The first release covers the full licensing journey, from first contact to signed deal.
Target identification. Company, contact, and market data now lives in Salesforce rather than scattered across files and inboxes. Everything gets logged as the work happens, and emails attach to the right records without anyone having to think about it. When someone picks up a deal mid-conversation, the context is already there.
Notification. Formal notice letters used to be written one by one. Now they're produced in a fraction of the time, from data that's already there. Outreach goes out faster and it's consistent, which matters, because every week of delay is a week a rights holder isn't being paid.

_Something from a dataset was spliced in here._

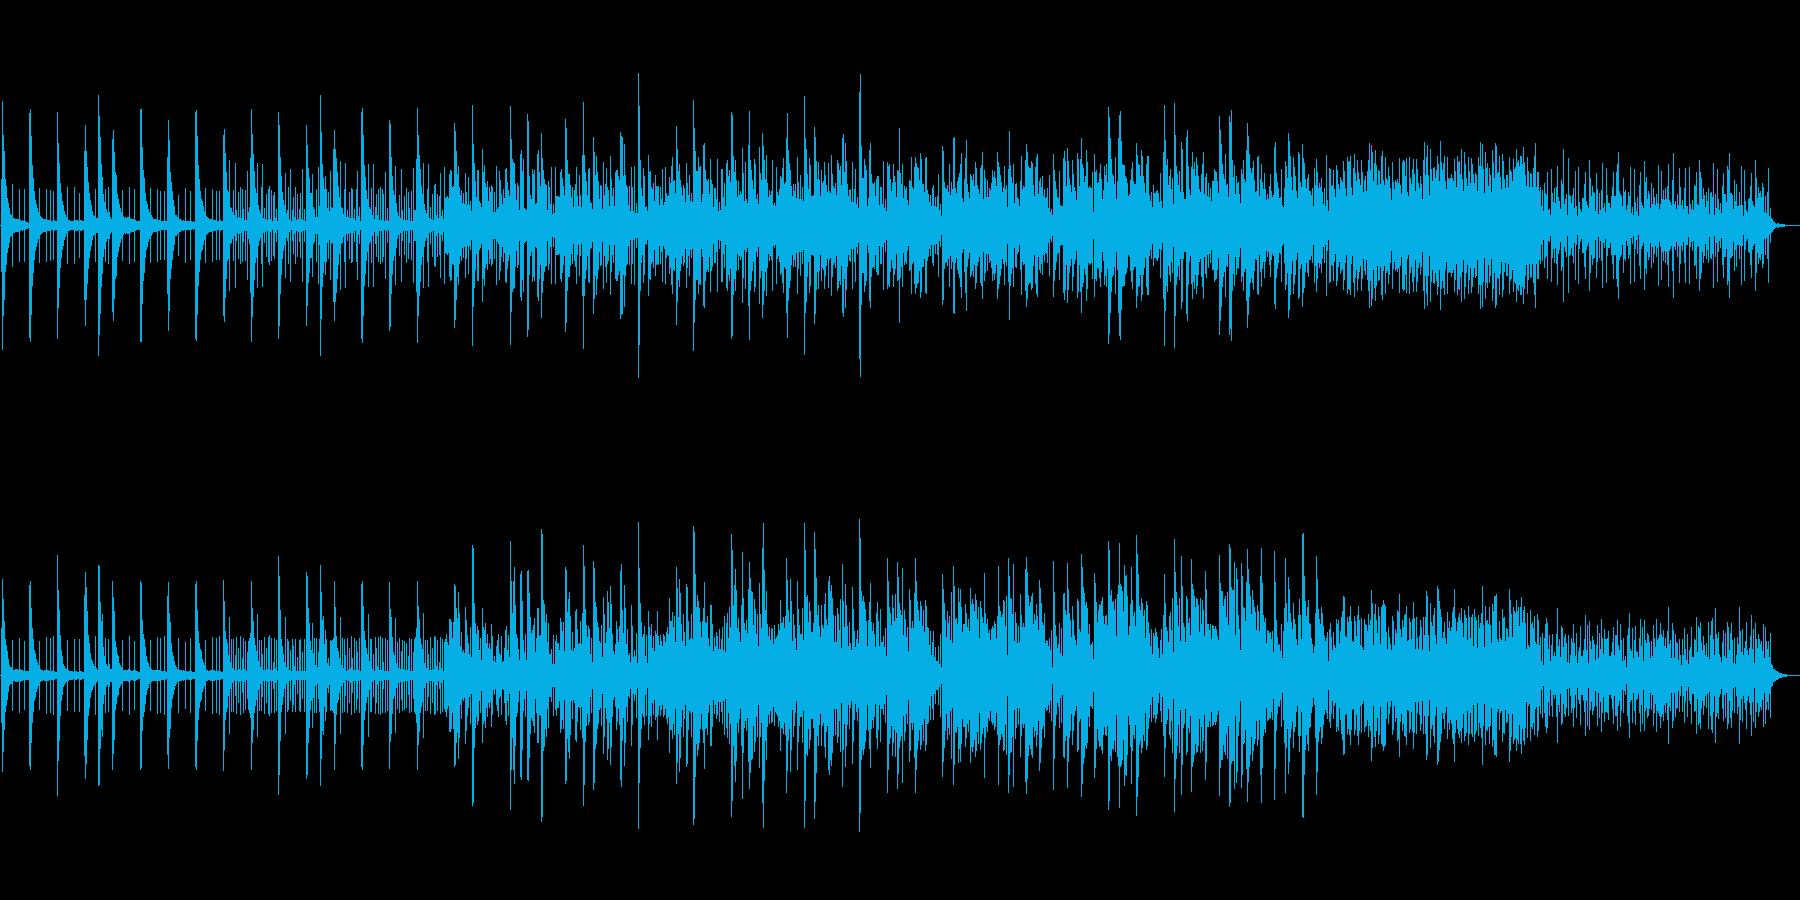 ピアノがメインの雨をイメージしたBGMの再生済みの波形

Negotiation. Teams running deals across multiple countries used to rely on manual follow-ups and their own memory to keep things moving. Now automated reminders flag what needs attention and approval workflows keep sign-off from becoming a bottleneck. Anyone can see exactly where a deal stands at any moment. Nothing falls through the cracks just because one person was busy or out of office.



Built to be used
A system nobody uses solves nothing. Before launch, we built a training programme that worked across time zones: group sessions, open Q&As, and short videos people could actually find when they needed a reminder. On go-live day, we were in Barcelona working alongside the teams until everything was live, stable, and theirs.
One System, Global Operation
Sisvel now runs its global licensing operation from one connected system instead of fragmented tools, inboxes and local workarounds. The next phase is already underway, building the second part of the picture of how the operation should run.
The hard part is still coming up with the invention. Everything after that just got a lot simpler.